The Changpa or Champa are a semi-nomadic Tibetan people found mainly in the Changtang in Ladakh and in Jammu and Kashmir. A smaller number resides in the western regions of the Tibet Autonomous Region and were partially relocated for the establishment of the Changtang Nature Reserve. As of 1989 there were half a million nomads living in the Changtang area.
The Changpa of Ladakh are high altitude pastoralists, raising mainly yaks and goats. Among the Ladakh Changpa, those who are still nomadic are known as Phalpa, and they take their herds from in the Hanley Valley to the village of Lato. Hanley is home to six isolated settlements, where the sedentary Changpa, the Fangpa reside. Despite their different lifestyles, both these groups intermarry. The Changpa speak Changskhat, a dialect of Tibetan, and practice Tibetan Buddhism.
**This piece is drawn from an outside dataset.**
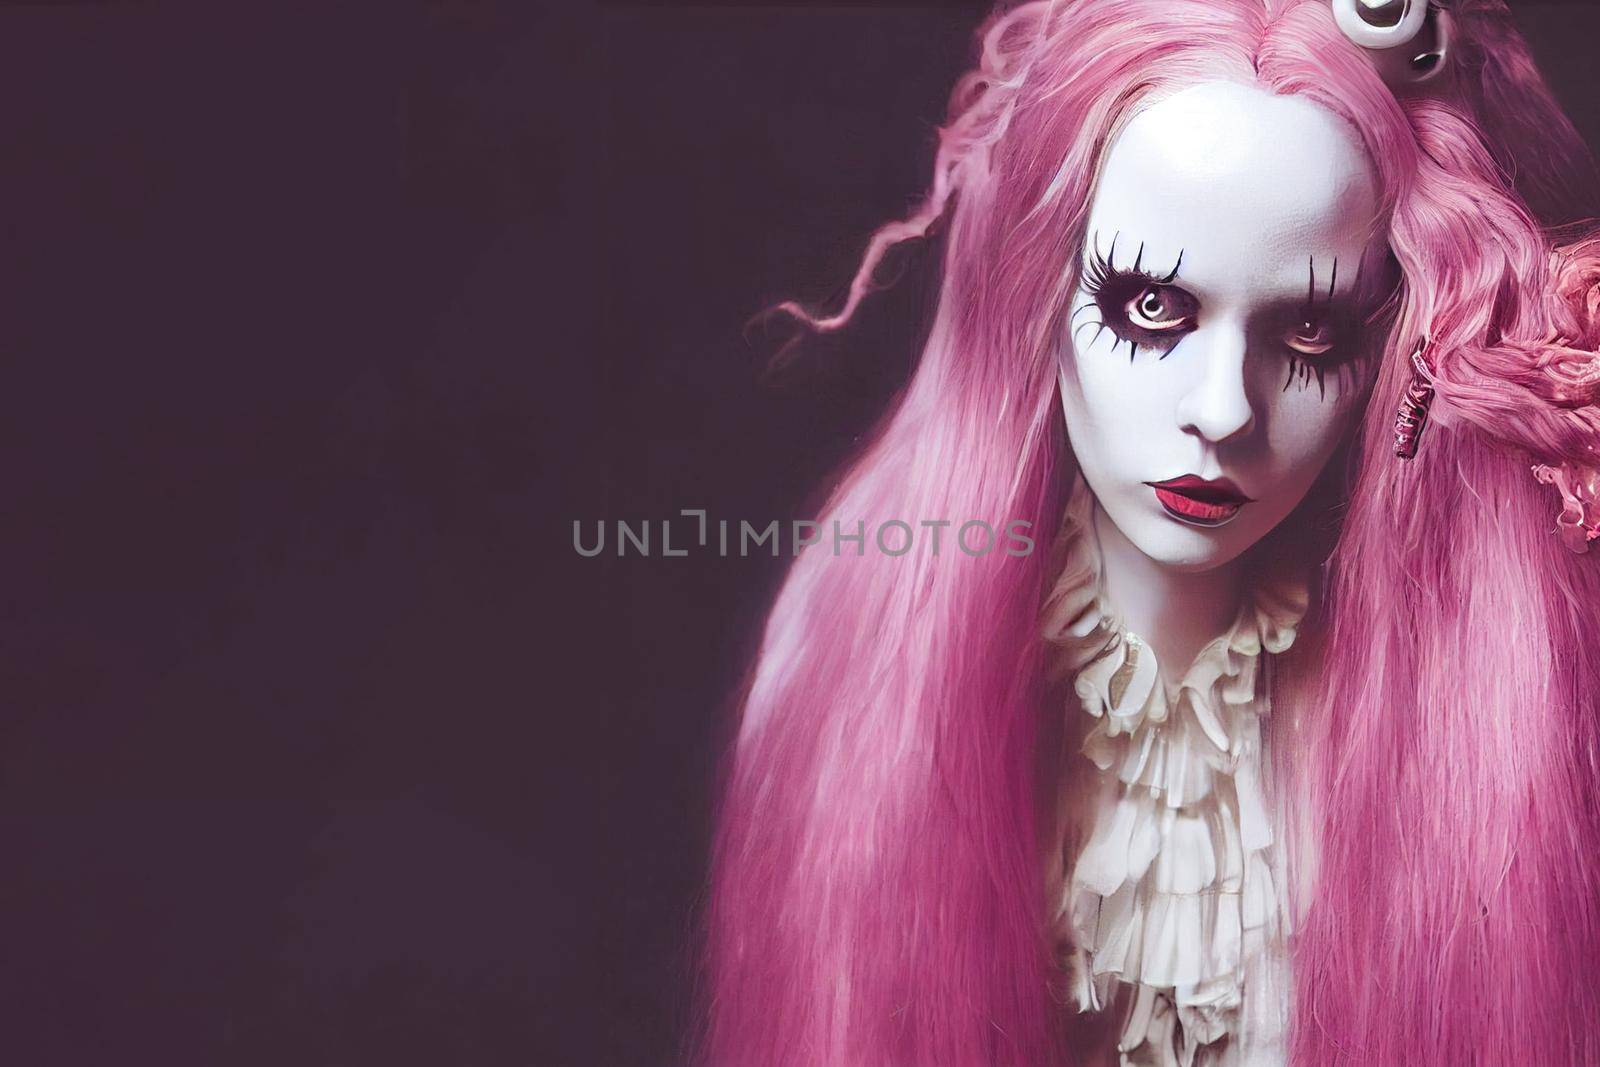 Spooky portrait pale white humanoid of a woman with light blonde and pink hair in halloween makeup. by FokasuArt
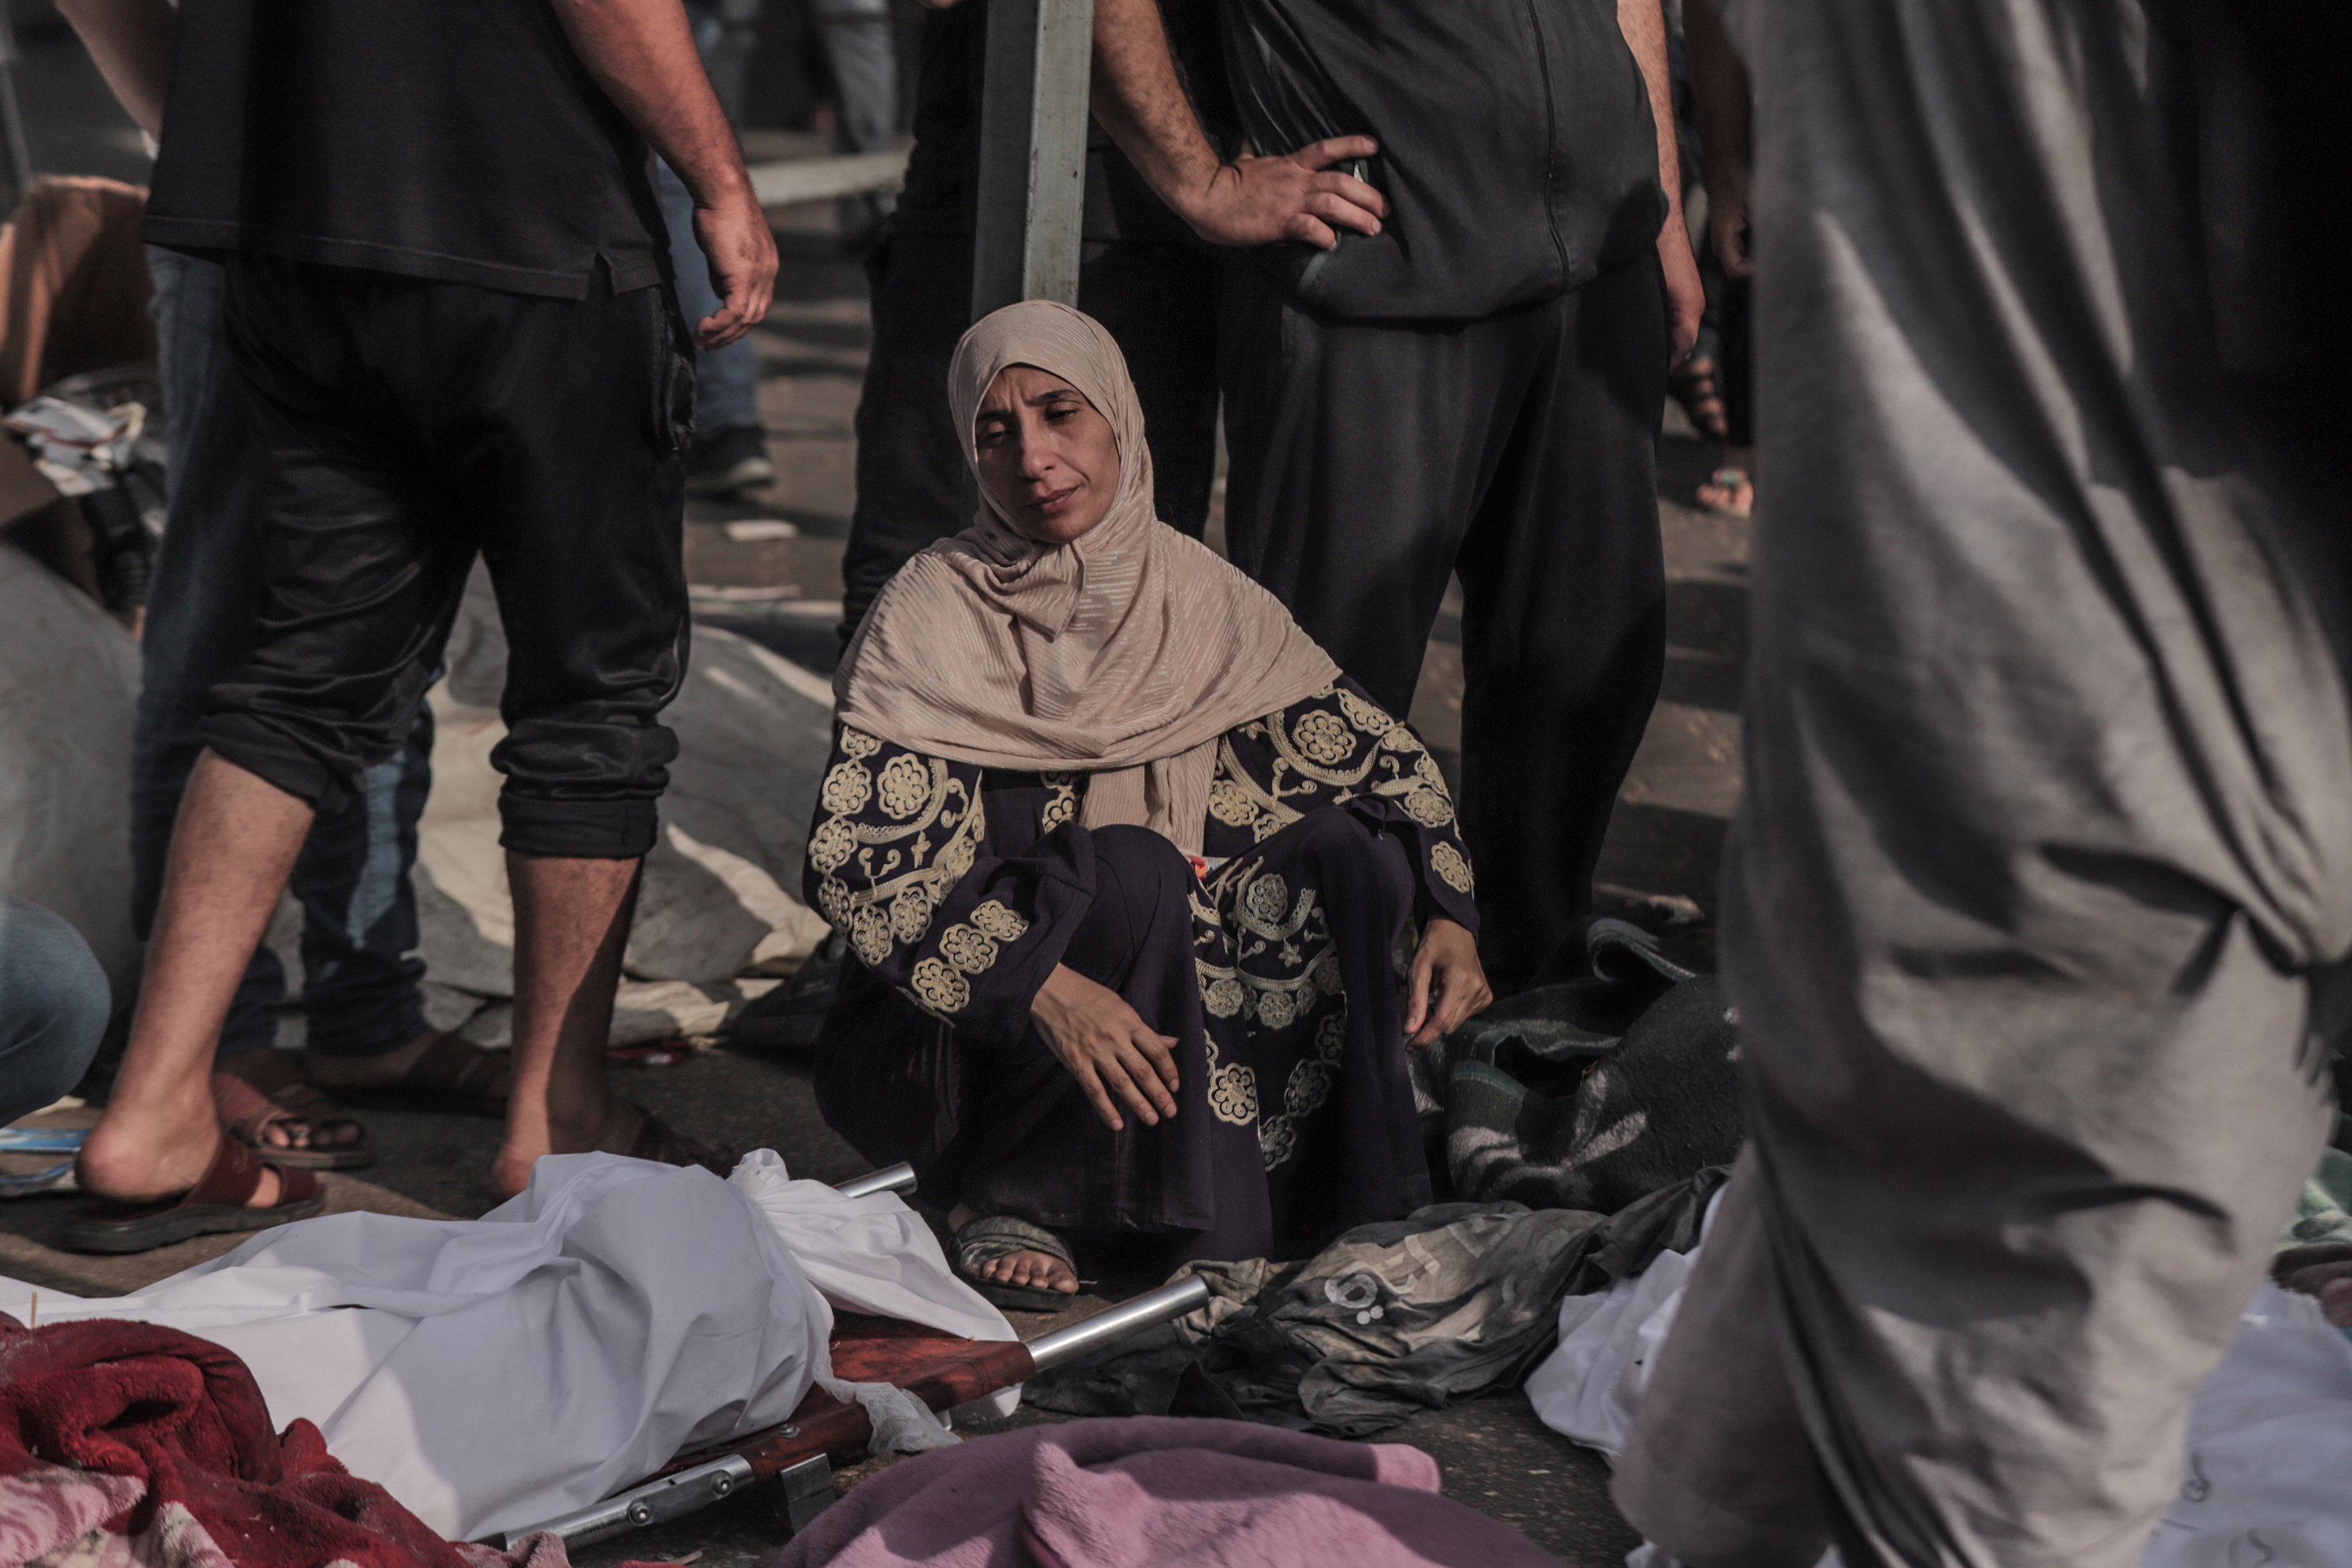 A Palestinian woman inspects the bodies of victims outside Gaza City's Al-Shifa hospital who were killed in Israeli bombardment, on November 8.

Only a small part of Changthang crosses the border into Ladakh, in the Indian state of Jammu and Kashmir. It is, however, on a historically important route for travelers journeying from Ladakh to Lhasa, and now has many different characteristics due to being part of India. Historically, the Changpa of the Ladakh would migrate with their herds into Tibet, but with Chinese takeover of Tibet, this route has been closed.
As of 2001, the Changpa were classified as a Scheduled Tribe under the Indian government's reservation program of affirmative action.